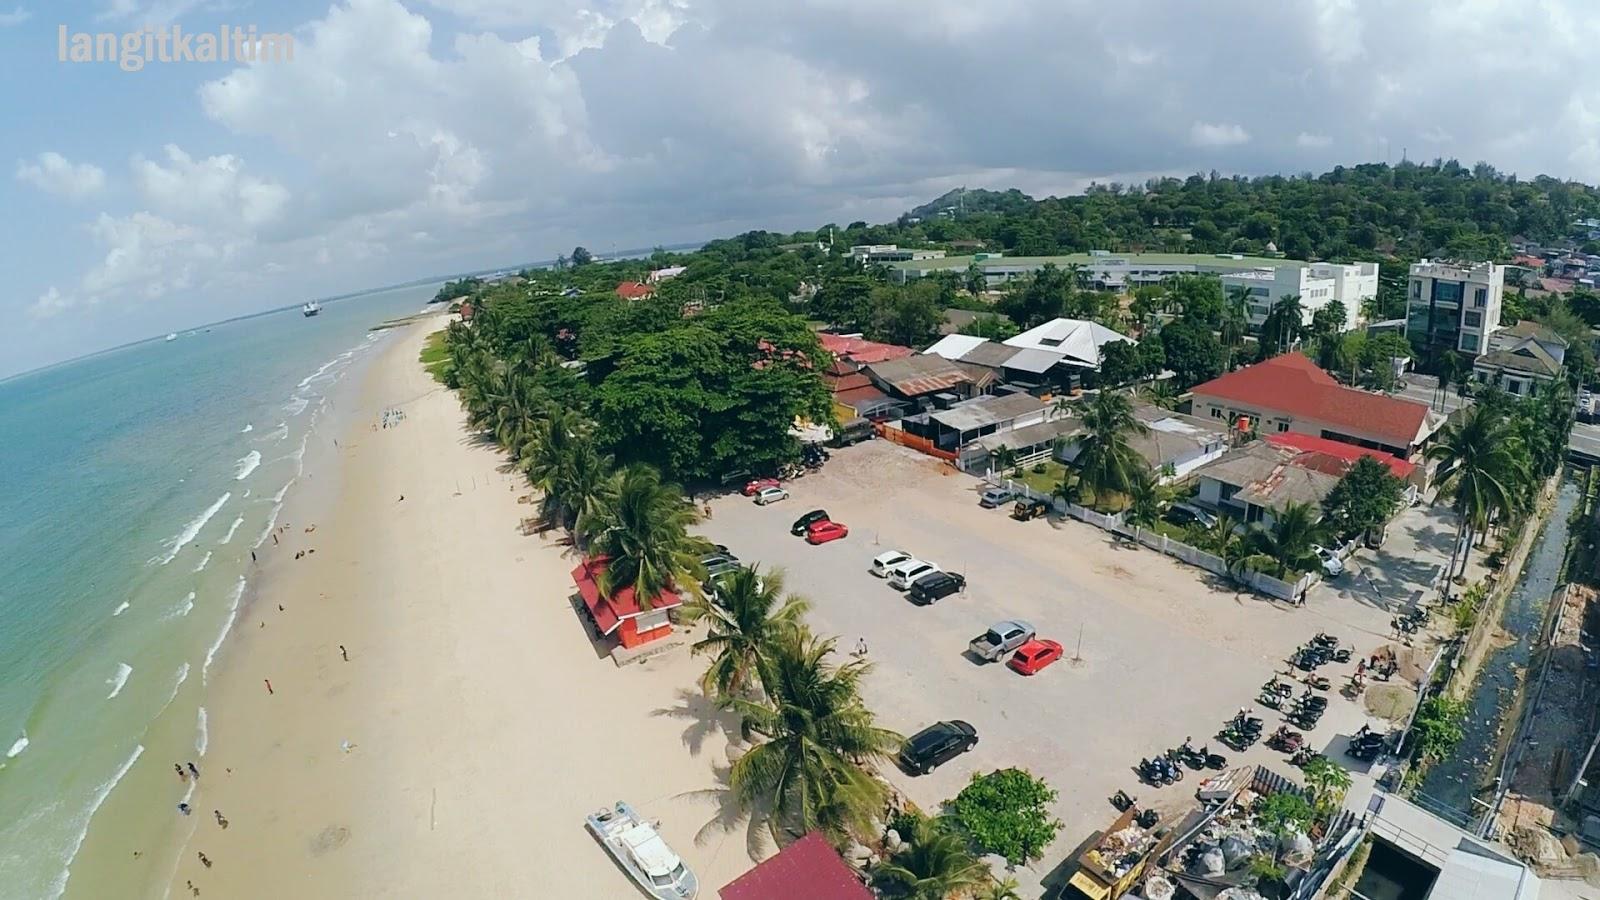 Wisata Pantai Kemala
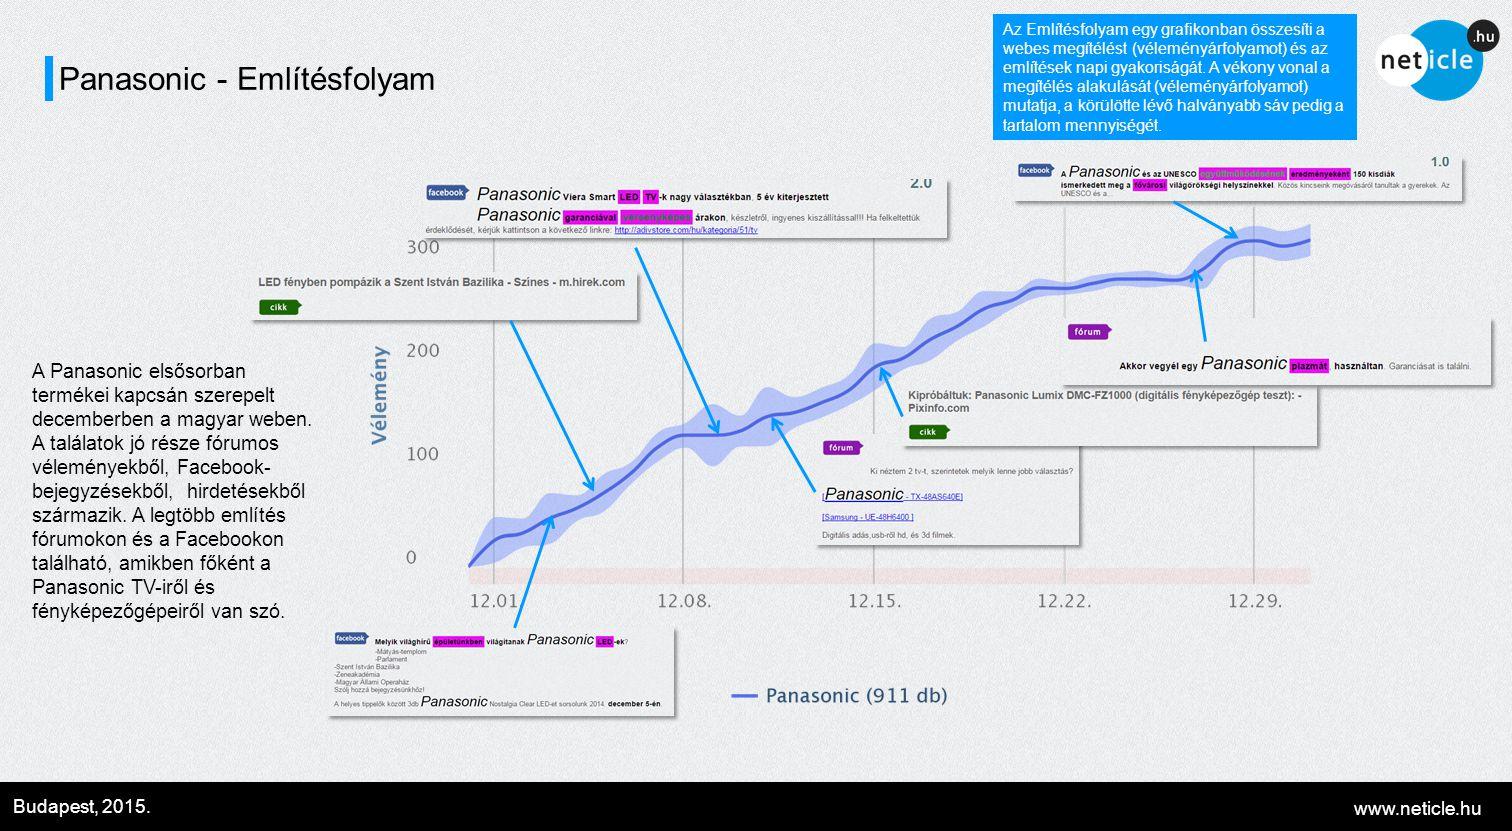 www.neticle.hu Budapest, 2015. Panasonic - Említésfolyam Az Említésfolyam egy grafikonban összesíti a webes megítélést (véleményárfolyamot) és az emlí
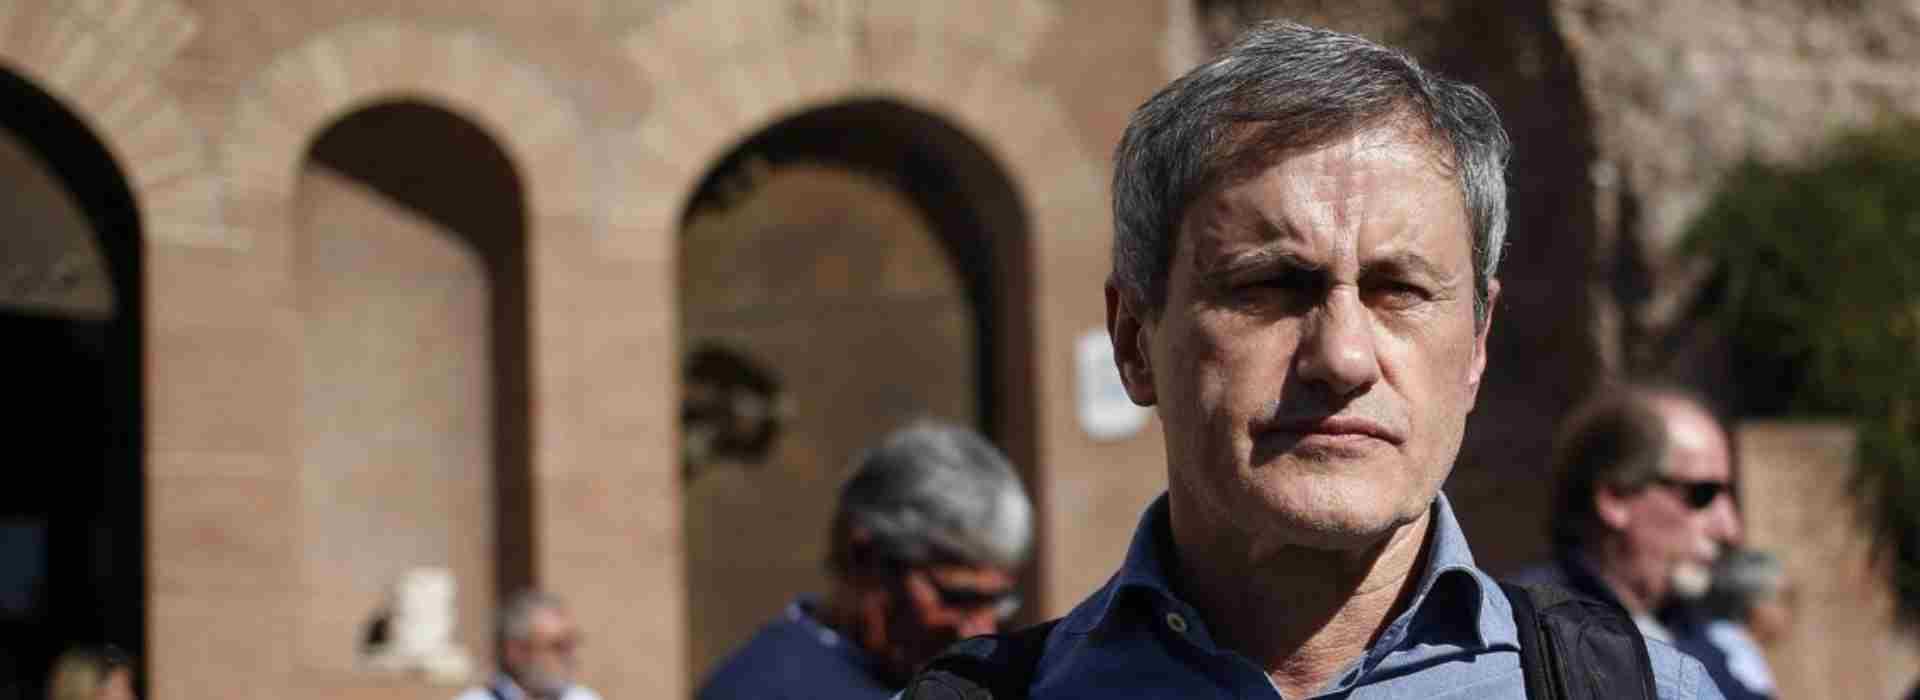 Gianni Alemanno condannato in appello a sei anni di carcere
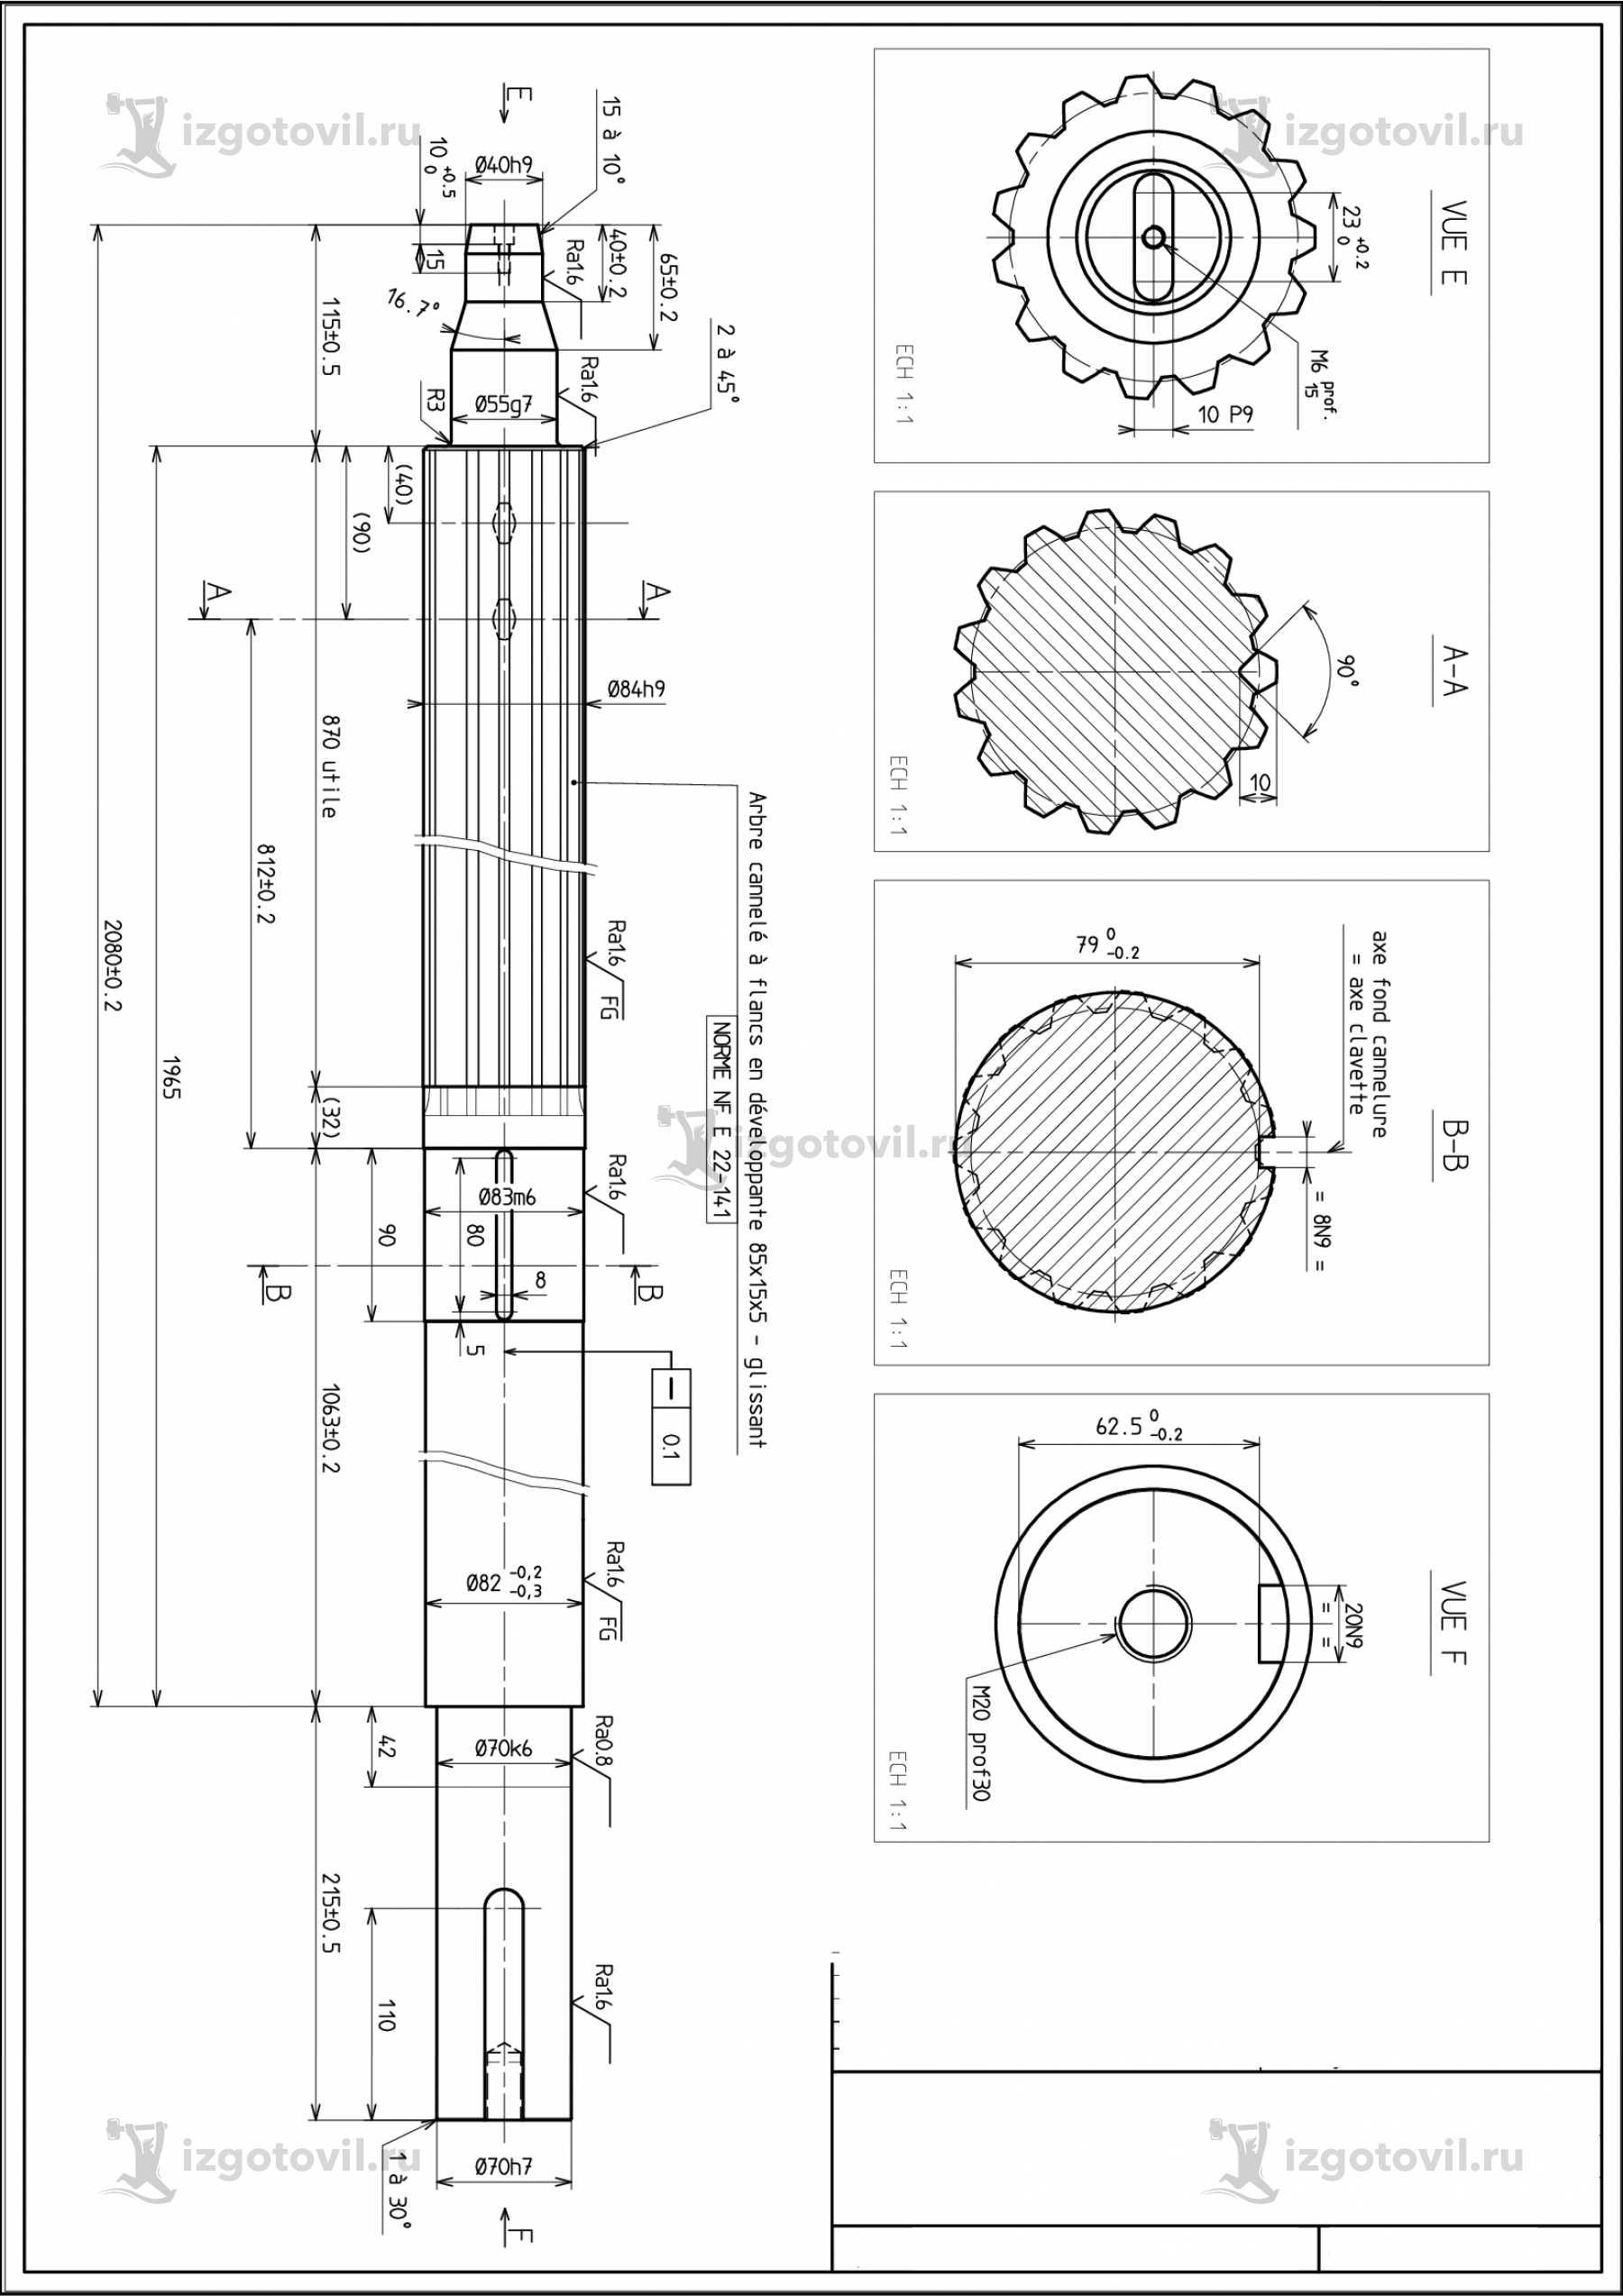 Токарно-фрезерная обработка- изготовление вала

**********

**Instructions for the task**
Omit any images, then output the listing exactly.

**Response area**
 Wisata Pantai Kemala
 www.neticle.hu Budapest, 2015. Panasonic - Említésfolyam Az Említésfolyam egy grafikonban összesíti a webes megítélést (véleményárfolyamot) és az emlí
 Gianni Alemanno condannato in appello a sei anni di carcere
 Токарно-фрезерная обработка- изготовление вала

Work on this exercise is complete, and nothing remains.